HOW TO COMPLETE THIS TASK: When you reach the line containing "Германия на съд за геноцид в Намибия?", start transcribing exactly and continue through the last line of the data, skipping every picture.

INFORMATION PROVIDED:
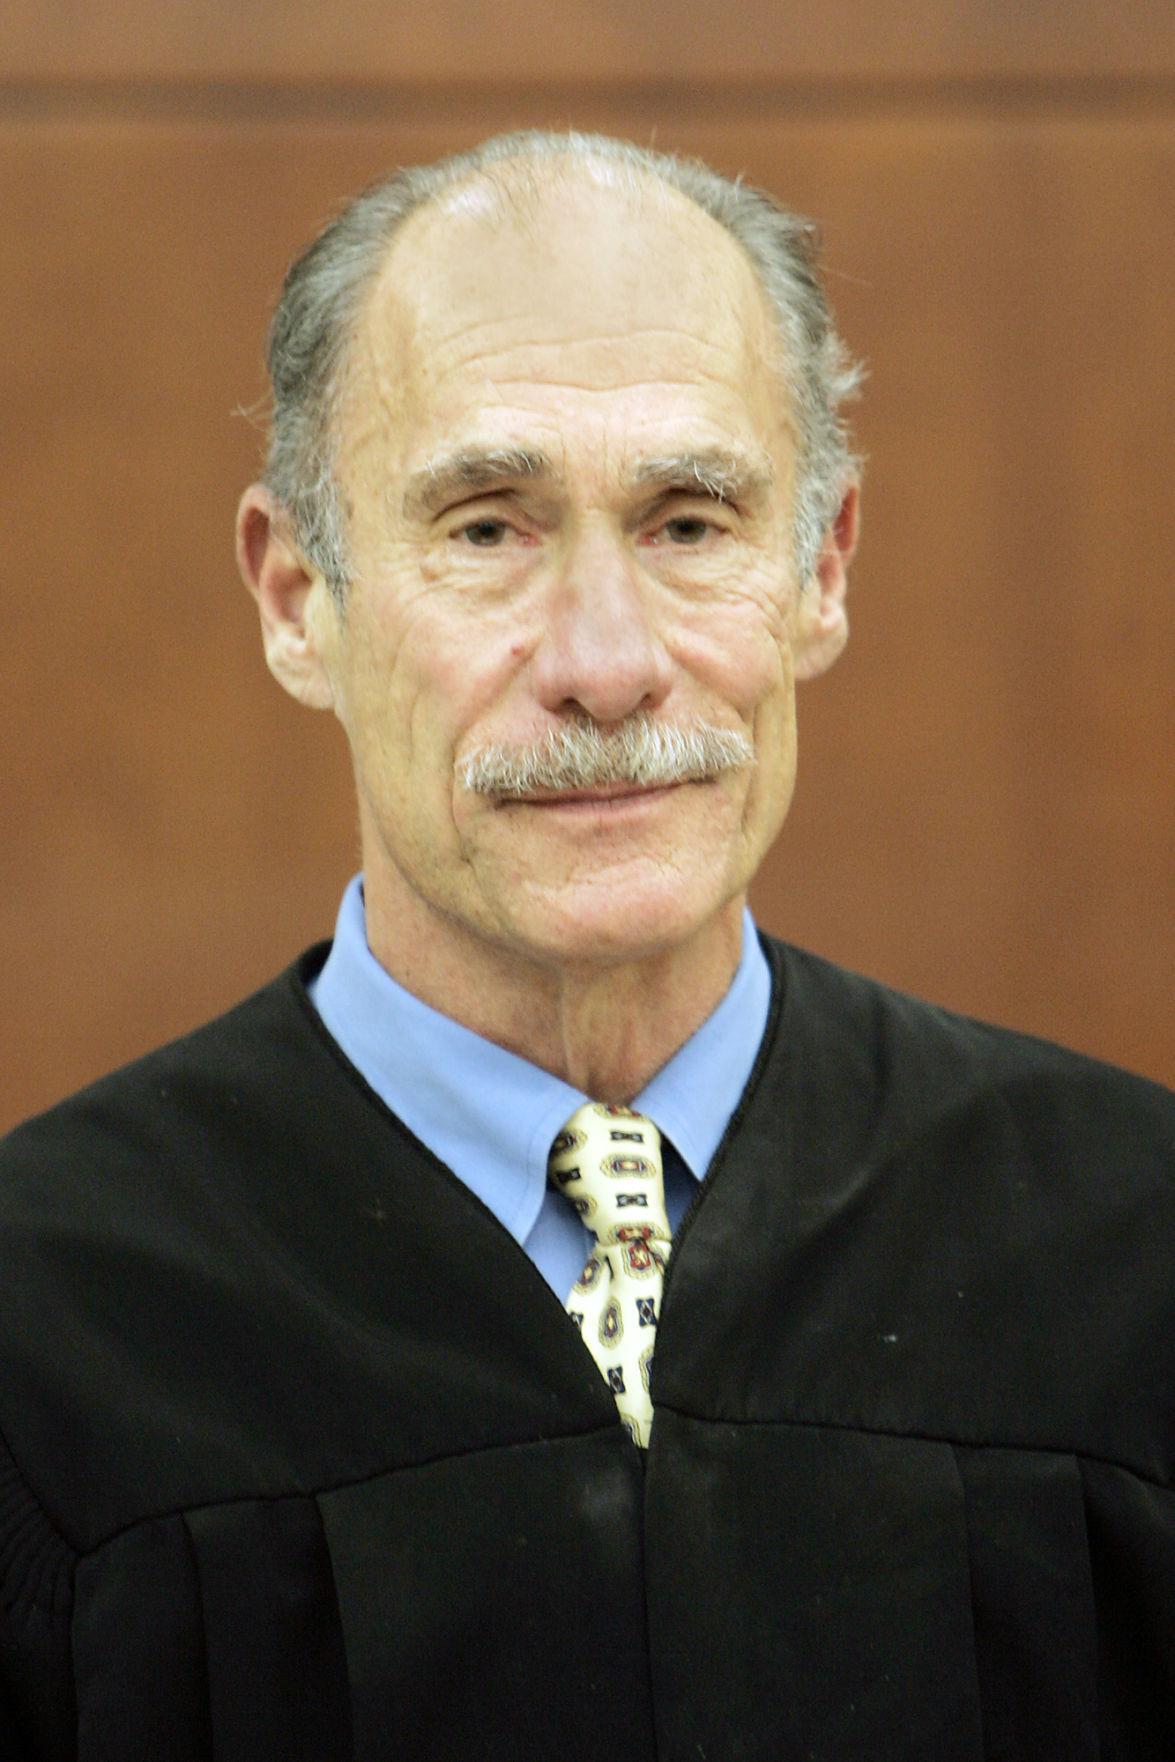 Judge Michael Williams
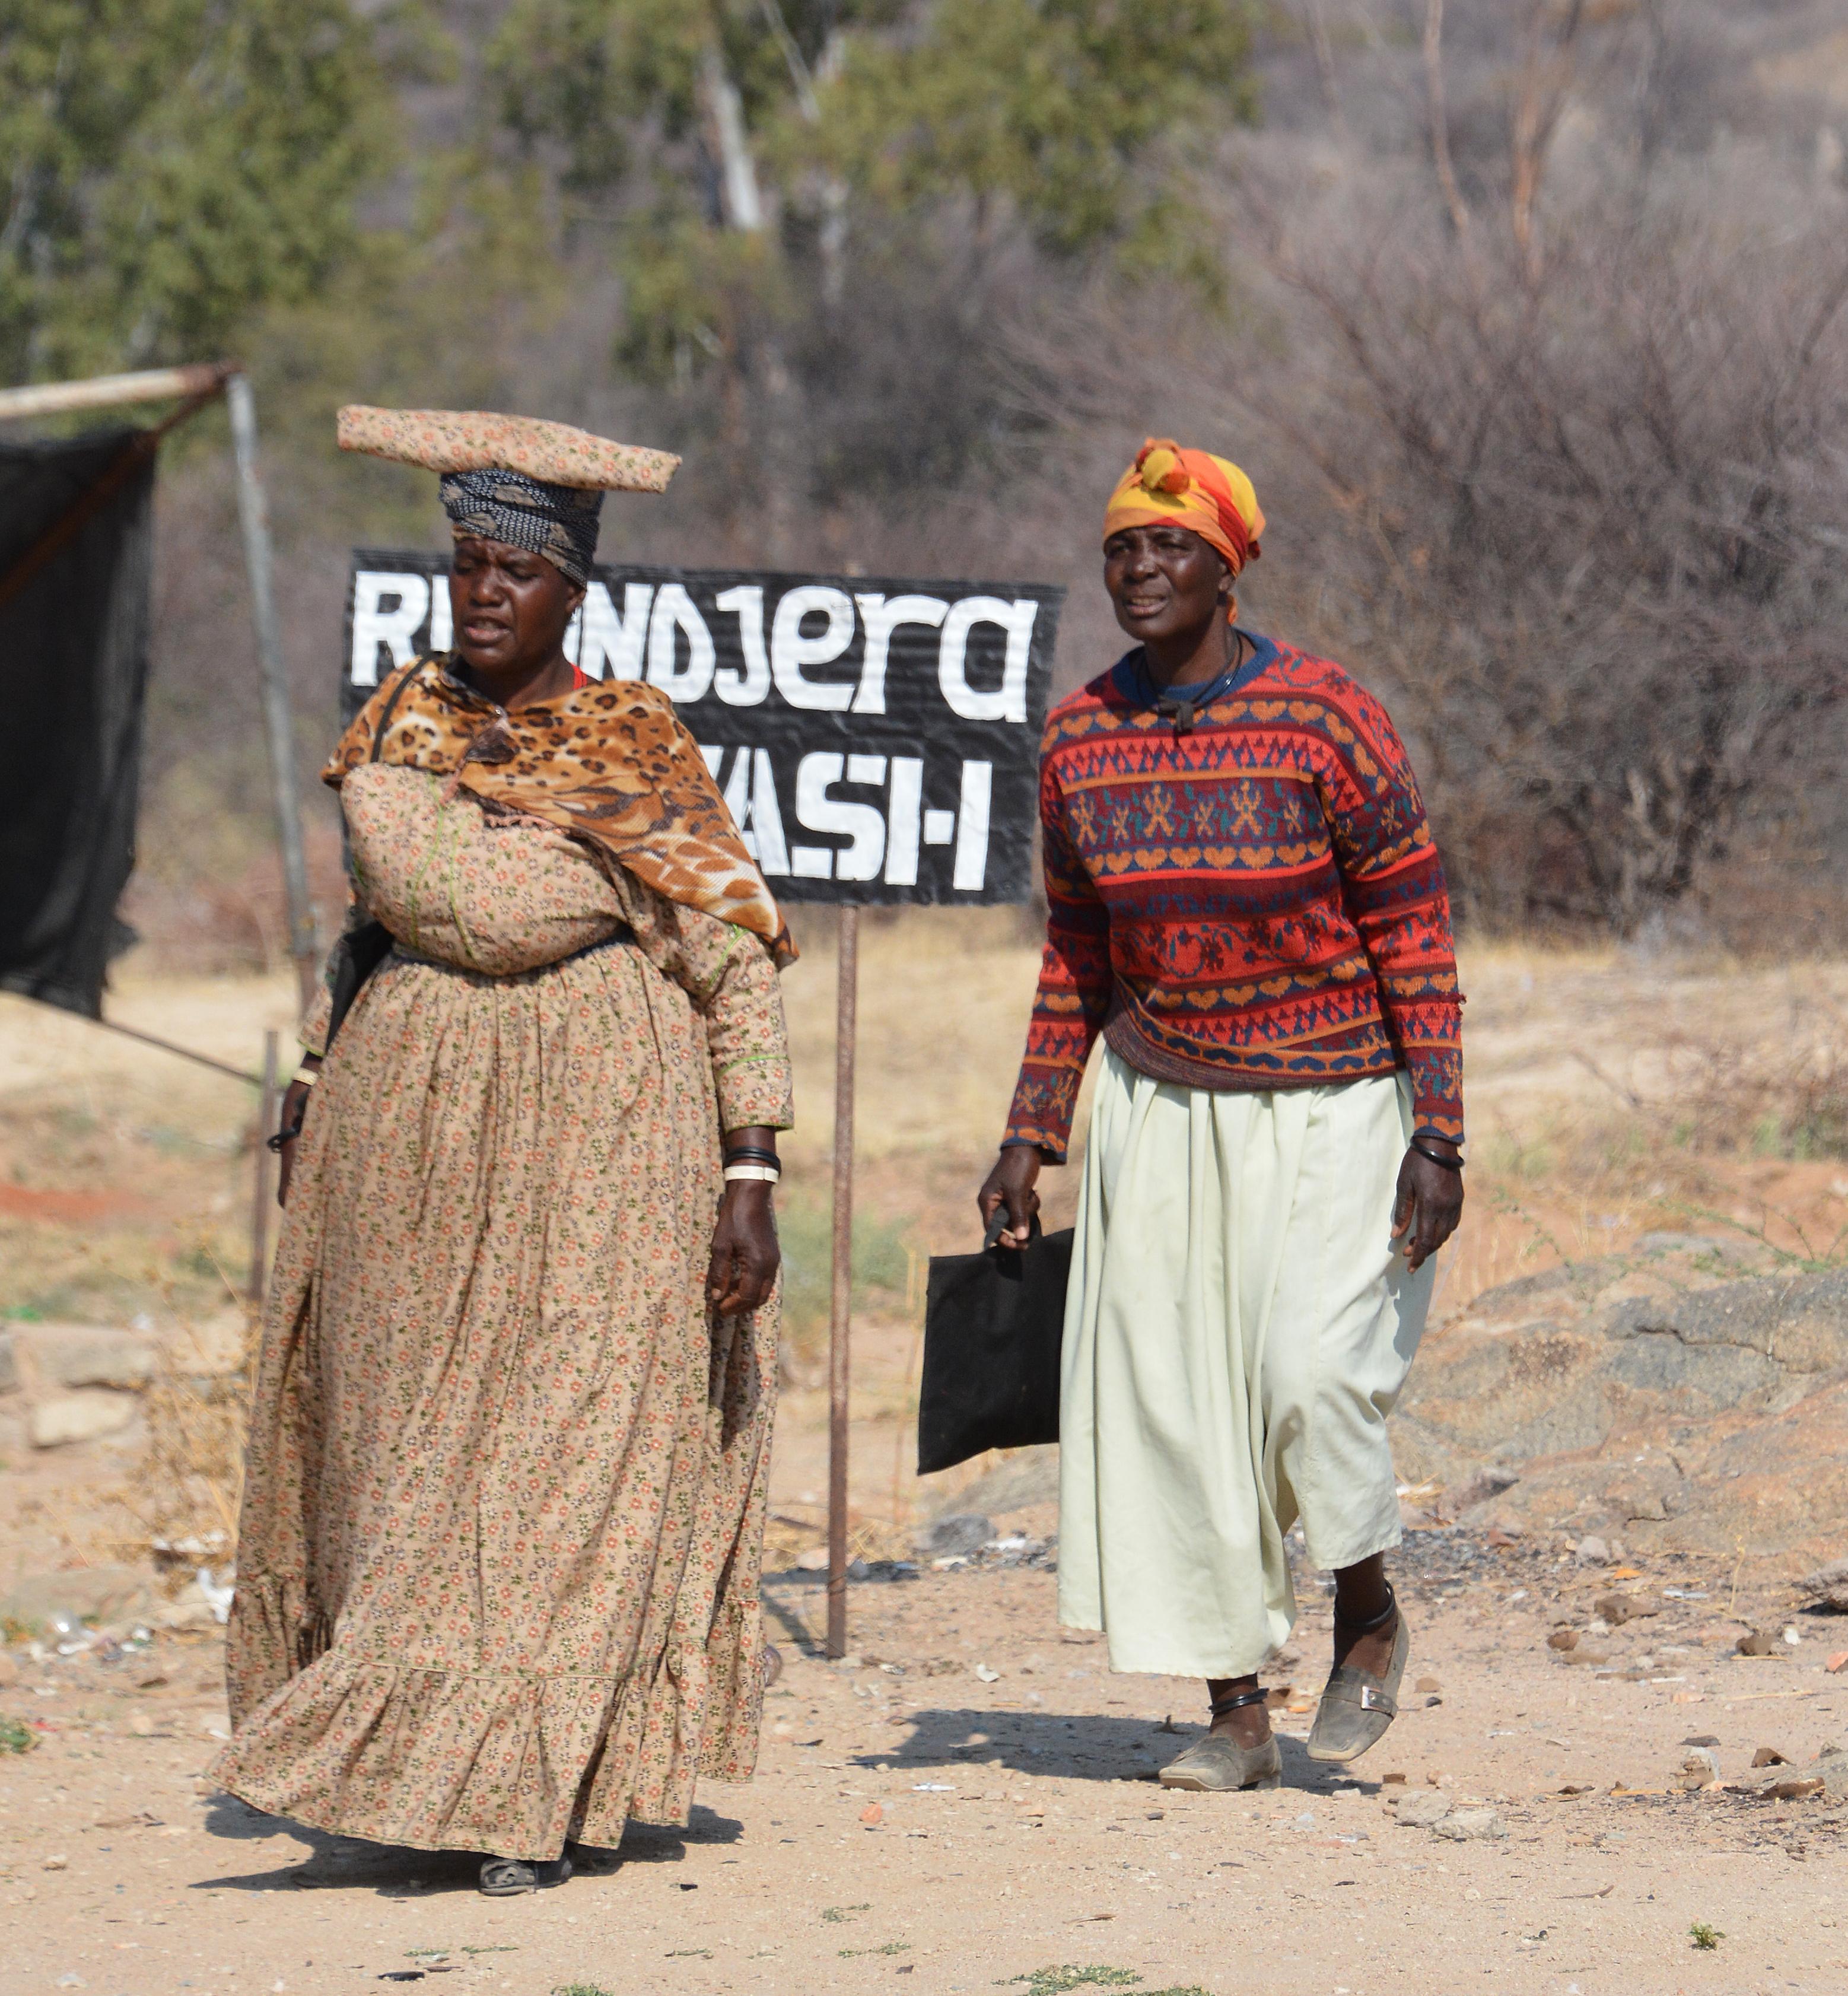 Германия на съд за геноцид в Намибия?
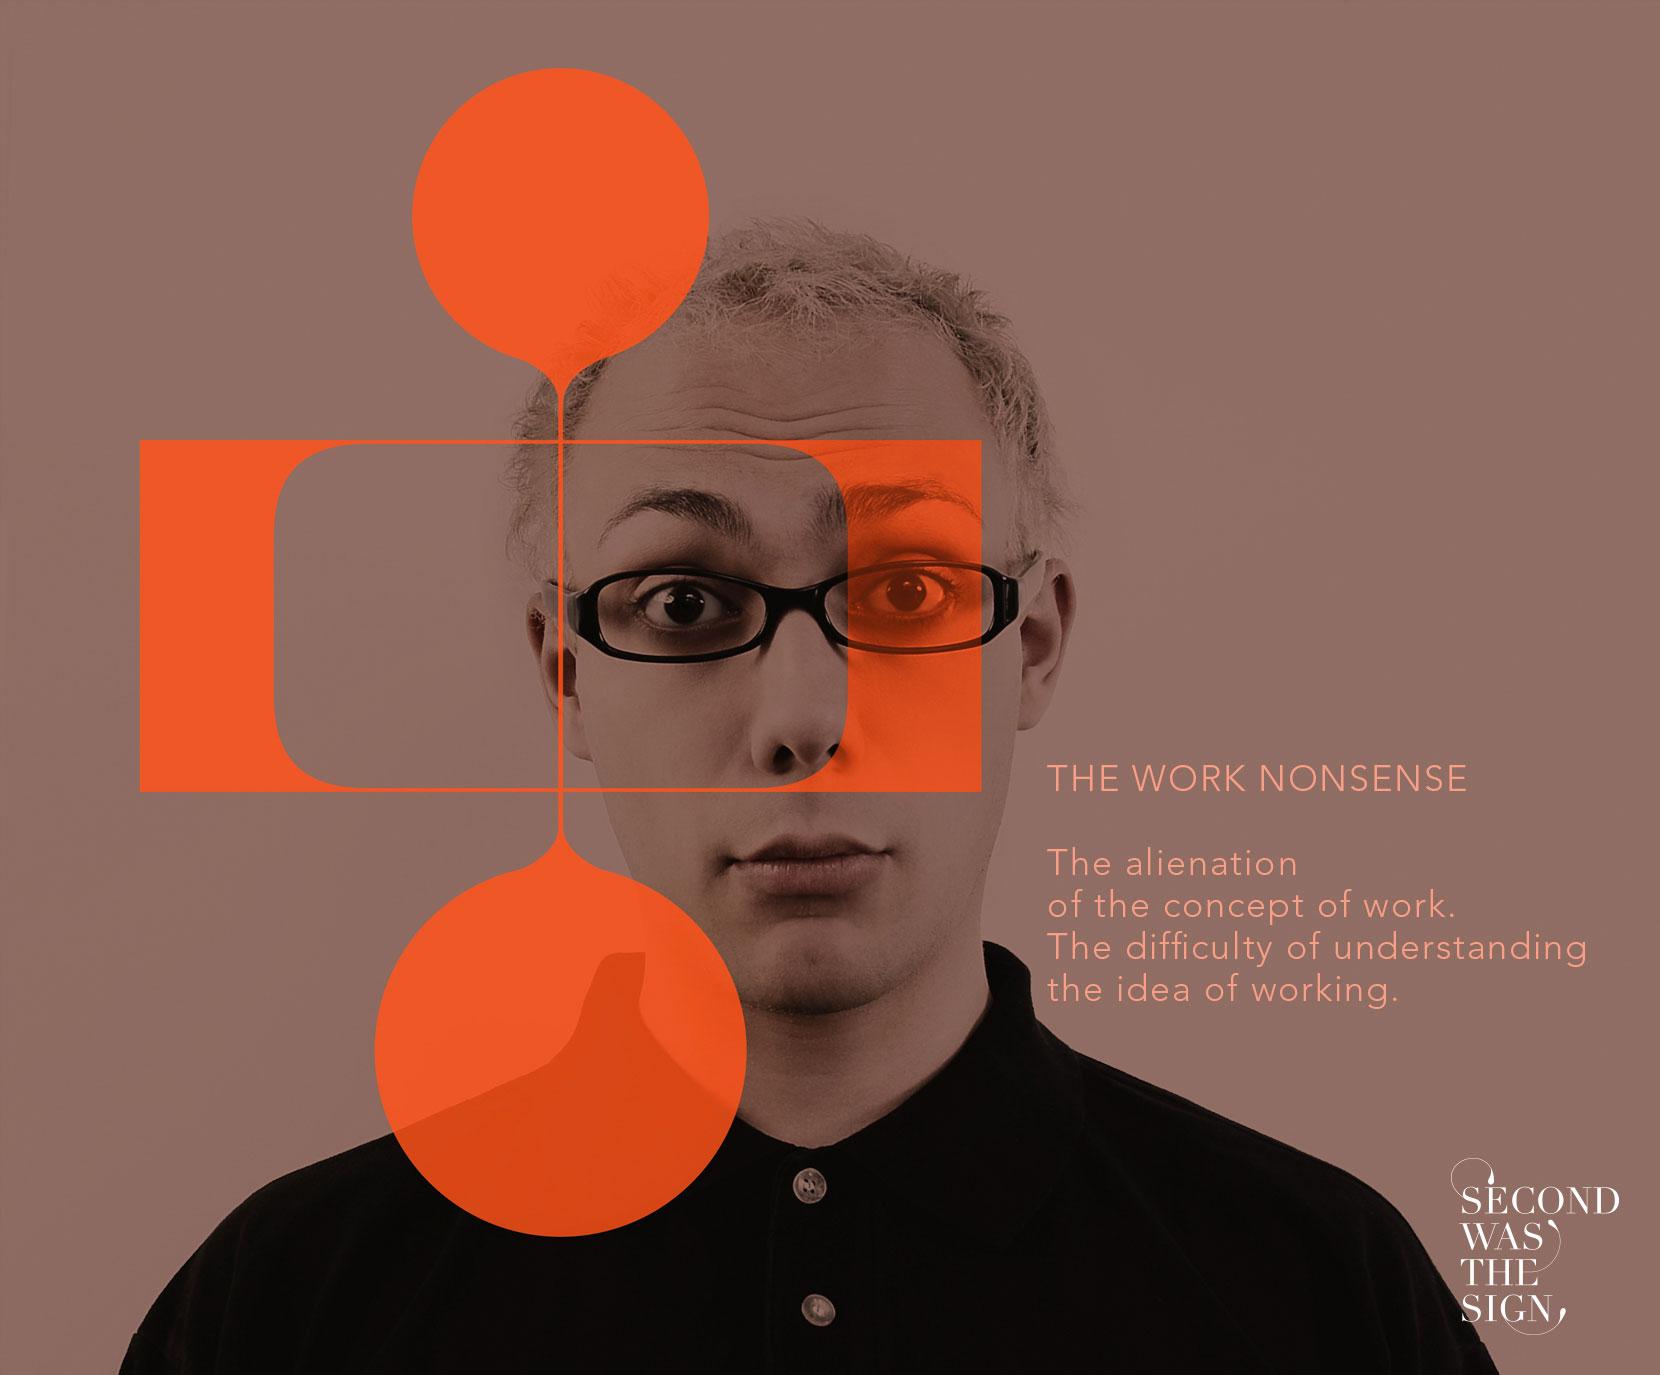 monogram-silvio-cocco-graphic-design-12
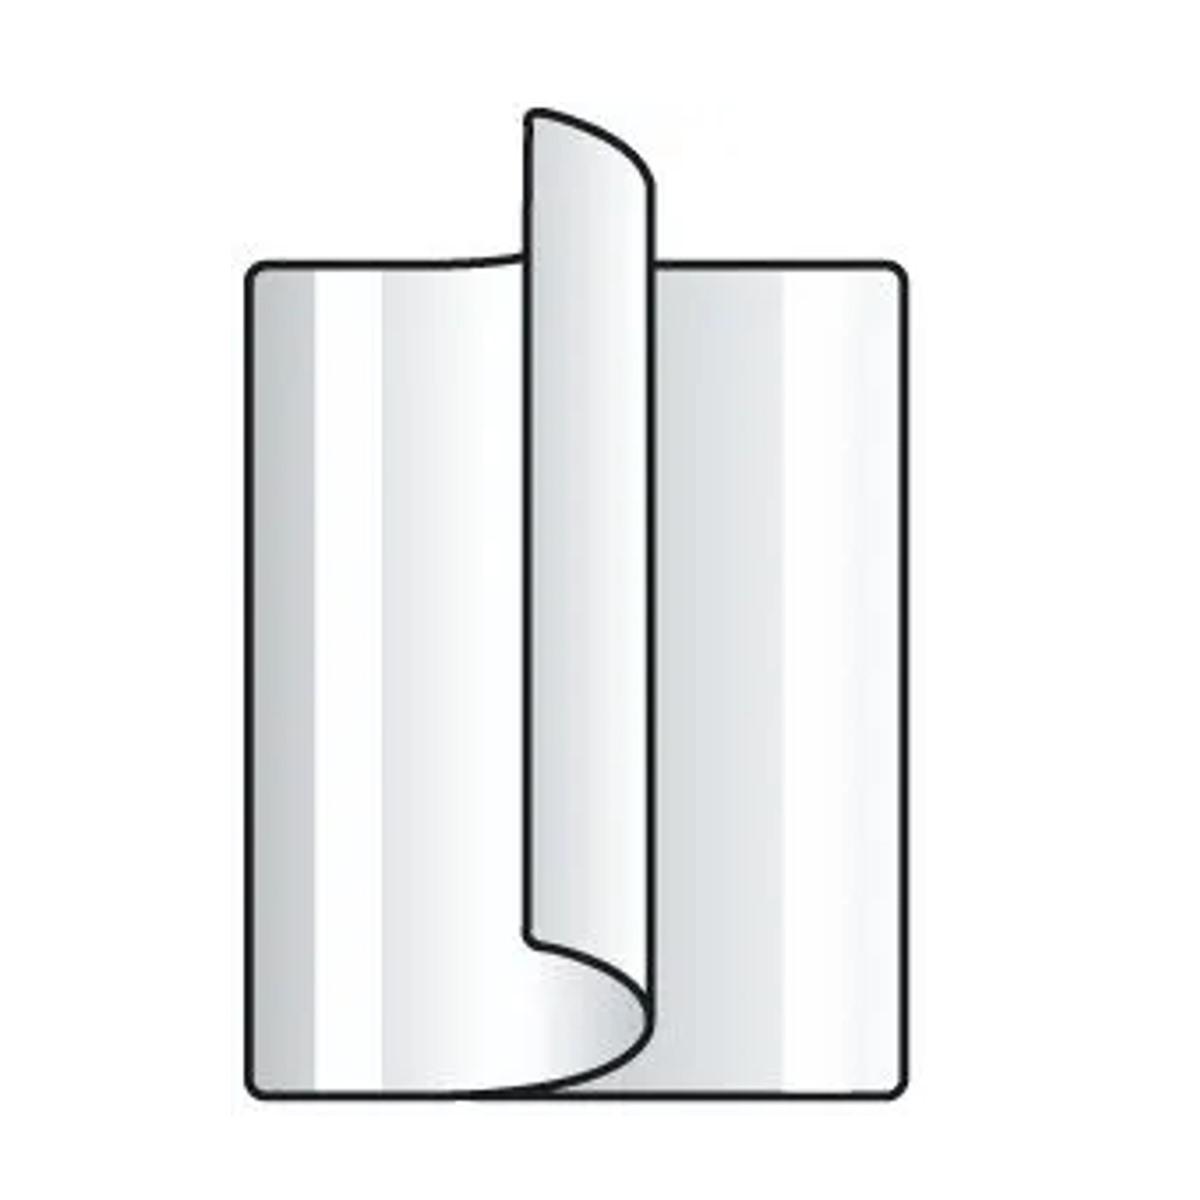 Lâmina Para Plastificação A Frio Tamanho A5 Caixa 50 Unidades

ANSWER FOR THE TASK:
 Германия на съд за геноцид в Намибия?
 monogram-silvio-cocco-graphic-design-12
 Lâmina Para Plastificação A Frio Tamanho A5 Caixa 50 Unidades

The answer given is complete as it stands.